只要將鎖神圈給摘了下來,它就能立刻恢復本體並恢復人身,屆時它的修為即便打不過這個東西,但也不至於會輸得太慘。
「不怕?你不怕爺還躲什麼?」皇明月陰測測地笑道,一邊笑一邊動手開始擼袖子了,顯然他是真的打算要動手將金翅大鵬給拔了毛。
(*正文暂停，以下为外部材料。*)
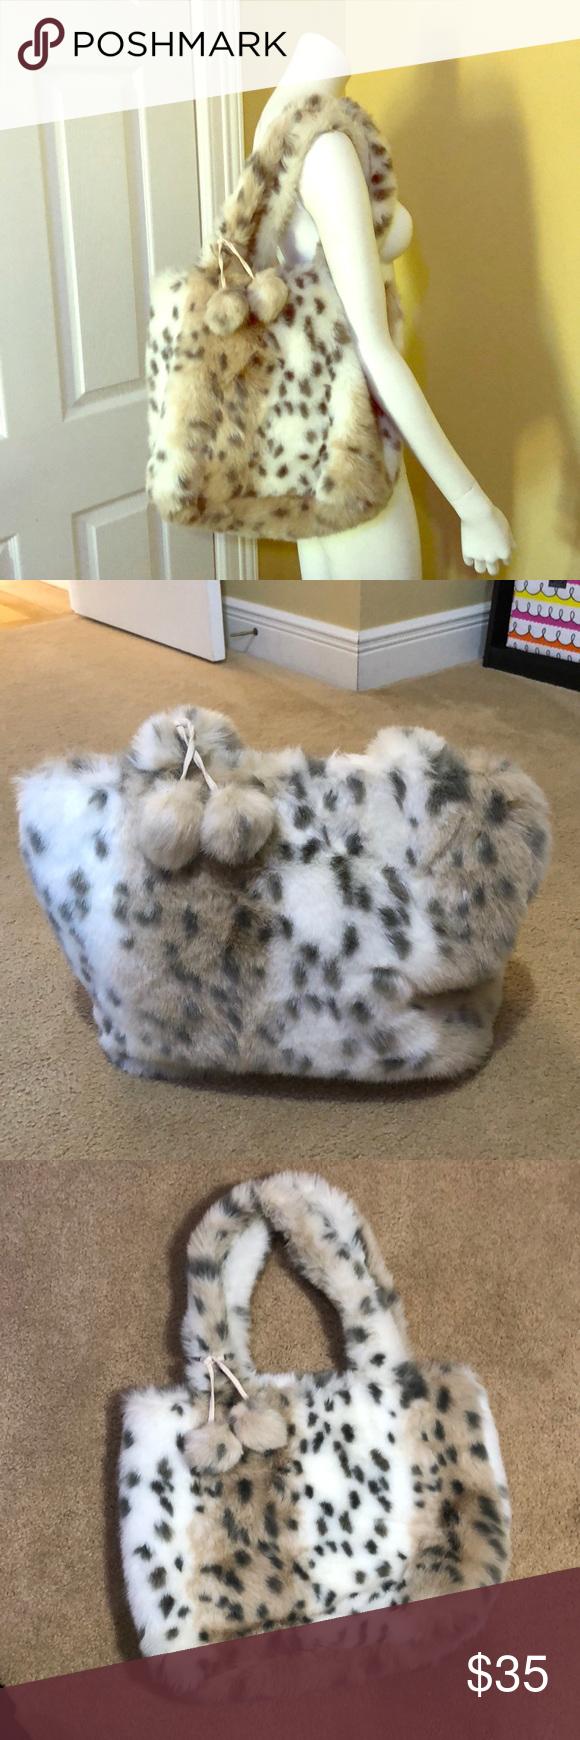 bbd69ca3a3 Pottery barn teen fur snow leopard tote bag

瞧著皇明月的動作,軒轅天心也怕他真會動手,連忙抓住了他,側頭看著金翅大鵬問道:「怎的沒見著佛子?」
「對了!」金翅大鵬似乎被提醒了,將皇明月的事情給拋到了腦後,看著軒轅天心急切地道:「佛子在小屋那邊,你們趕緊過去看看。」
見金翅大鵬語氣有些急切,軒轅天心神色一凝,抬步朝桃花林中走去,邊走邊問道:「出什麼事兒了嗎?」
金翅大鵬搖了搖頭,一旁幽幽就立刻搶著道:「不是佛子出了什麼事兒,而是那條小龍魚好像有些不好。」
「不好?」軒轅天心眉心一蹙,腳步也加快了幾分,追問道:「什麼叫有些不好?」
皇明月一把拽住她的手,不怎麼在意地挑眉道:「去看看不就知道了,你現在這樣問也問不出個什麼來。」
軒轅天心和幽幽同時住了口,一行人匆匆穿過桃花林,去了林子後面的水潭邊。
水潭邊搭了一間小木屋,而在屋前還擺了一張小几,小几上的小香爐里燃著幽幽檀香,一張古樸的七弦琴歪歪斜斜地掉在了地上,琴的另一頭還搭在小几上的,顯然之前梵音是在這裡燃香撫琴來著,但因為什麼突發情況,七弦琴被他慌亂間給推開了。
軒轅天心匆匆瞥了一眼小几,幾步進了屋。
屋裡不僅有著梵音,還有須彌也在,估摸是聽到了動靜,二人都轉過頭看了過來,當瞧見是軒轅天心他們後,梵音有些無奈地笑了笑,道:「我是真不曉得大須彌空間內的時間流逝被你給改了不少。」
一聽之後,軒轅天心的目光跟著動了動,越過梵音和須彌二人,看向了軟塌上的那一團紅光。只見紅光閃爍中,小龍魚的身形變得比以前虛幻了不少,但在虛幻間,龍魚卻有著化作人形的跡象,而且軒轅天心還眼尖地瞧見,那女子的容貌十分的美麗,只不過只有一瞬,女人又變幻回了龍魚的模樣。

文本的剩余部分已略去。